Brexit Update—The Snap General Election
Most political observers were surprised by British Prime Minister Theresa May’s announcement last Tuesday that the country would go to the polls once again for a snap general election—to be held June 8th.
Mrs. May has repeatedly cited the Tory victory in 2015 and the need for stability as Britain negotiates its way out of Europe as reasons for not holding another election. She now invokes the same notion of stability as the most pressing reason for the June poll. The twists, turns, and contradictions of the PM aside, her political calculations are quite clear, and they have nothing to do with opposition parties or the upcoming Brexit negotiations.
The main opposition Labour party lead by the sheepish and ineffectual Jeremy Corbyn is likely to suffer its biggest defeat since 1983. The center-left Liberal Democrats, who were utterly crushed at the last election, may be able to make a comeback; but they are more likely to flip Labour seats. The UK Independence Party, the primary instigator of last June’s EU referendum, is spent as a political force. The SNP will continue to dominate Scotland but has nowhere to go outside of that British nation. The Greens are unlikely to add to the single seat held by the ever-spirited and increasingly persuasive Caroline Lucas.
In other words, Mrs. May has no real worries at home. Her only trouble lies abroad.
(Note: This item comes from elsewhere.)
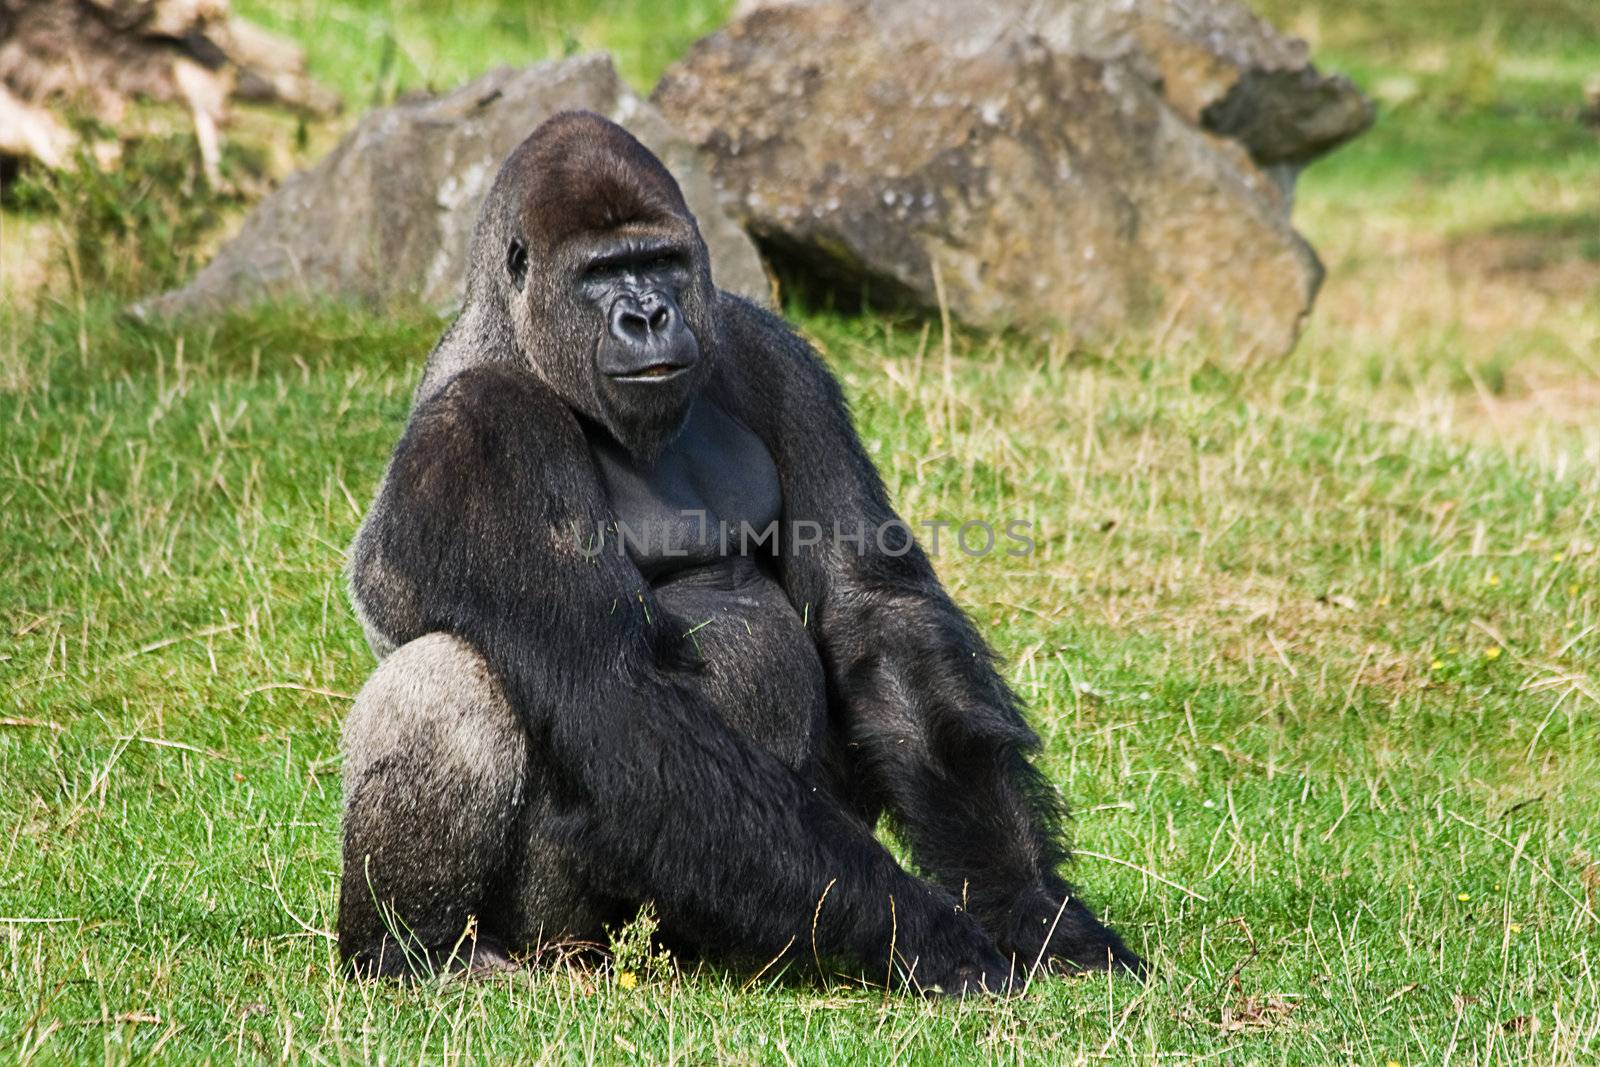 Gorilla silverback sitting on grass relaxing and looking around

Since triggering Article 50, matters have not proceeded as easily as promised. Striking a trade deal with Europe was at the center of the Prime Minister’s effort to rally the country behind her government’s intended negotiating positions. However, the EU has stated that it will not even begin trade talks until Britain pays a 50 million euro exit bill and agrees to the final terms of the country’s separation.
What this means is that Britain may not have a trade agreement with the EU before it leaves in 2 years. Trade talks tend to be long and difficult; and they are not made any easier when accompanied by lingering political bitterness among the parties involved. It’s now impossible to know when Britain will have a trade agreement in place with the European Union.
Given her humiliating limitations in Europe and her near perfect freedom in Britain, you could not be blamed for asking what the prime minister is up to with this snap general election.
In my view, the poll is nothing more than raw political calculation. May seeks to expand her Conservative majority so as to re-shape both the party and the country in her own image after Britain leaves the EU.
It is inevitable that the Government will encounter difficulties and setbacks as it enters into actual negotiations. Reports of broken promises and serial defeats will take its toll on May’s popularity. By holding a general election now, while she’s high in the polls, she’ll be able to secure a solid Conservative majority for the next 5 years, which will take her to the other side of Brexit negotiations and allow her to legislate freely in a post-EU Britain.
Although I am reticent to do so because of my antipathy to the Tories, I must acknowledge the wisdom of this action. It actually creates more long-term stability than would have otherwise been possible. The only downside is that a larger Conservative majority is likely to galvanize the independence movement in Scotland. And if the SNP gets its way, Theresa May’s gambit will be all for nought.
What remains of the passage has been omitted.